Kafeinin oluşturduğu uykusuzluğun epilepsiyi tetikleyebildiğini lisana getiren Tarlacı, şunları da kaydetti:

“Ama genel bakıldığında hayvan modellerinde ve deneylerinde akut ani kafein uygulamasında nöbet eşiğini düşürüyor. Epilepsi hastalarında kafein kullanımını yasaklamayı hakikat bulmuyorum.

Kafein günde 6 fincan olarak almak, MS hastalığı riskini yüzde 30 oranında azaltıyor ve esirgeyici tesir oluşturuyor üzere gözüküyor. Bizim kahve içmek demekle batıdaki kahve içme ortasında önemli bir ayrım var. Amerika’da bu hesaplandığı vakit 948 mililitreye günlük denk geliyor, yani bir litre kahve tüketiyorlar ortalama olarak.

Bir de otonom yetmezlik var. Amerika ve İsviçre’de 263 şahısta günde 4 fincan ve üzeri kahve alımı depresyon riskini yüzde 10 aralığında azalıyor. Kahve ve intihar ortasında da bir bağ var, kahve tüketiminin intihar oranını azaltıldığı görülüyor.”

Nöroloji Uzmanı Prof. Dr. Sultan Tarlacı, sıhhat profesyonelleri ile ilgili yapılan bir çalışmada da günde 3 fincan tüketenlerde intihar riskinin yüzde 50 oranında daha az tespit edildiğini kaydederek, kalp ve nöropsikiyatrik hastalıklara olumlu tesirlerine de işaret etti.
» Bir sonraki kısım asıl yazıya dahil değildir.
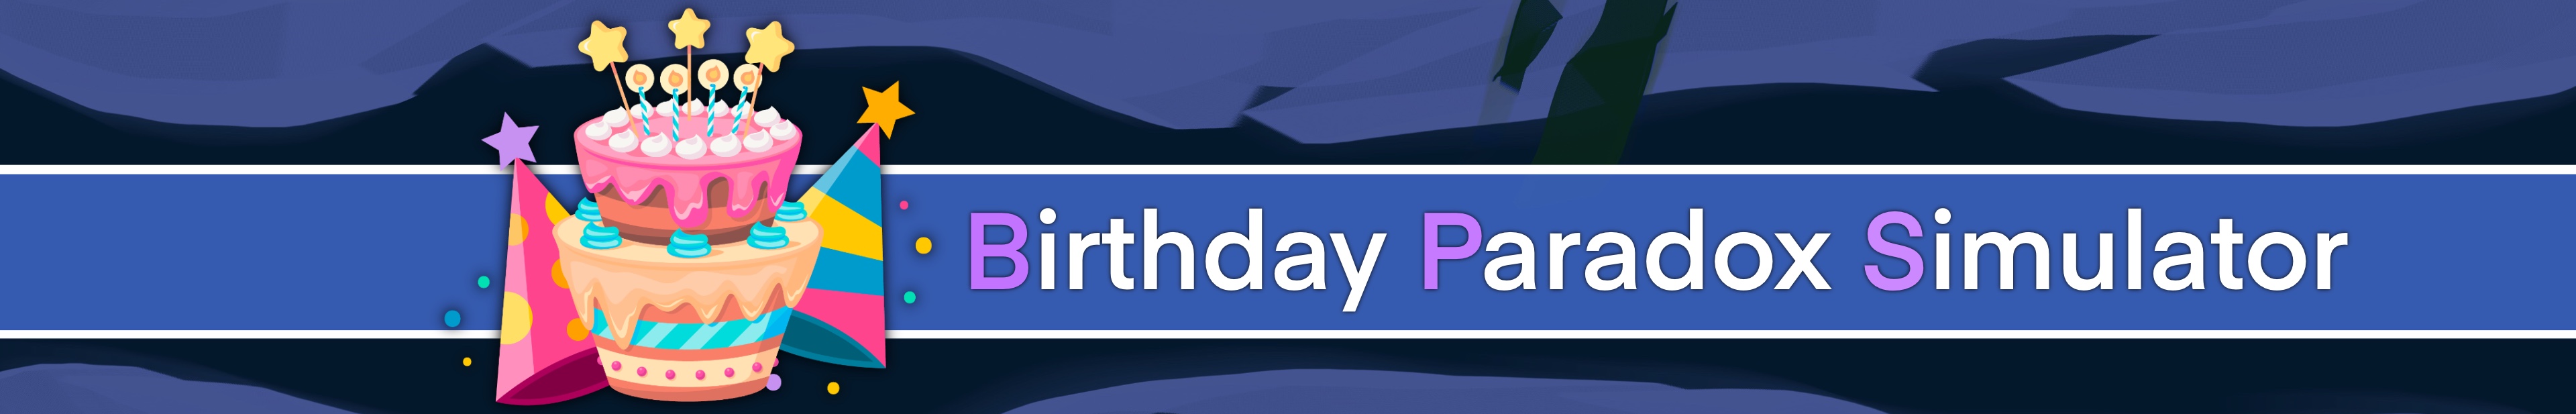 Birthday Paradox Simulator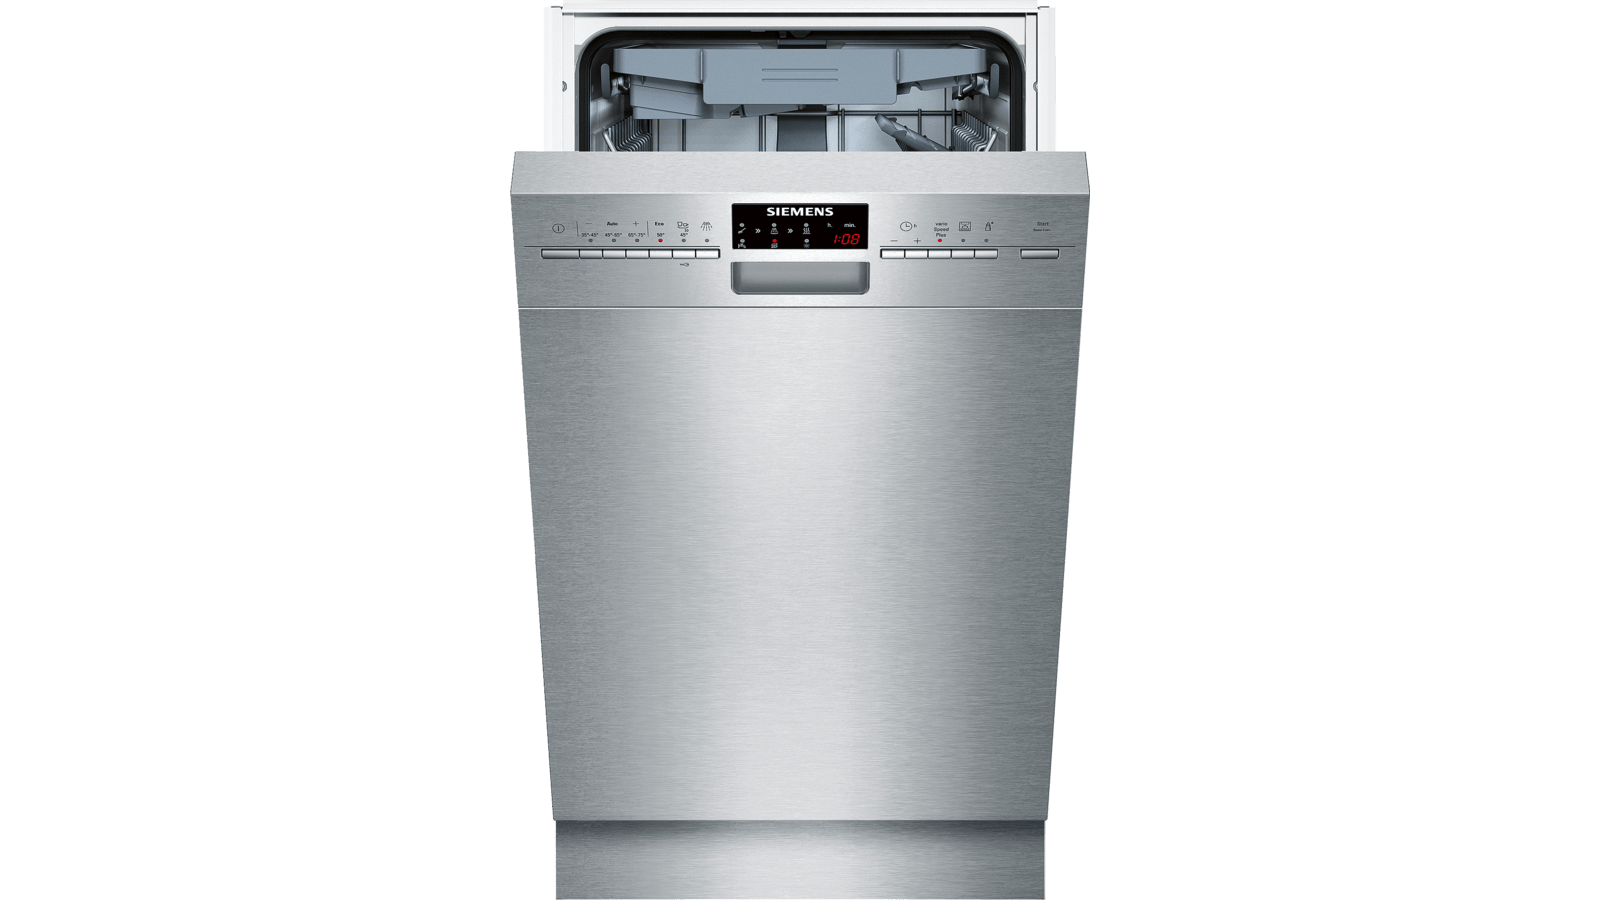 Посудомоечная машина рейтинг цена качество 60. Посудомоечная машина Siemens SR 256i00 te. Siemens iq500 посудомоечная машина. Посудомойка Сименс Электролюкс. Посудомойка Siemens SR 25226/06.

Kahveyi ne kadar tüketmek gerekiyor?

Yan tesirlerinin de var olduğunu, bütün alınan ilaçlar ya da unsurların belirli bir dozu geçince his, niyet ve davranışları değiştirdiğini anlatan Tarlacı, şöyle dedi:

“Ne kadar tüketmek gerekiyor bu kahveyi? Alışılmış burada kahve ölçüsünün tersine kafeini düşünmek gerekiyor, zira kaynaklar farklı olabiliyor. Tek tüketimde 800 miligramın kullanılması; anksiyete bozukluğu, hudut, gerginlik, uykusuzluk, taşikardi ve titreme yapabiliyor.

Özellikle telaş bozukluğu olanlar da kafein kaynaklarını sorgulamak gerekiyor, yalnızca bunu kahve olarak düşünmemek lazım siyah çikolata, kola da dahil. Günde 2-3 litre kola içen beşerler var. Güç içeceklerinin içerisinde yüksek oranda kafein bulunuyor.

Kahve içme isteği bağımlılık mı?

Sigara bir bağımlılık, ‘Kafeini daima tüket isteği bağımlılık mı?’ diye bir soru var hepimizin aklında. Kafein kullanım ve tüketimini klasik bir bağımlılık olarak ele almıyoruz. İçilmediğinde baş ağrısı, yorgunluk, güçsüzlük, güç kaybı, uyku bozukluğu ortaya çıkabiliyor.

Yine bizim sıklıkla gördüğümüz şizofreni hastalarının çay ve kahve tüketiminin fazla olması. Kafein şizofreni semptomlarını arttırıyor.

Makul dozlarda kafein ya da kahve hem yaşa bağlı bilişsel azalmaya uygun gelir, hem Alzheimer ve Parkinson’a düzgün geldiği istikametinde güçlü deliller var. Hipnik baş ağrısında bir numaralı tercih. Belleği güzelleştiriyor. Yani genel sıhhat açısından bakıldığında epeyce olumlu tesirleri var.”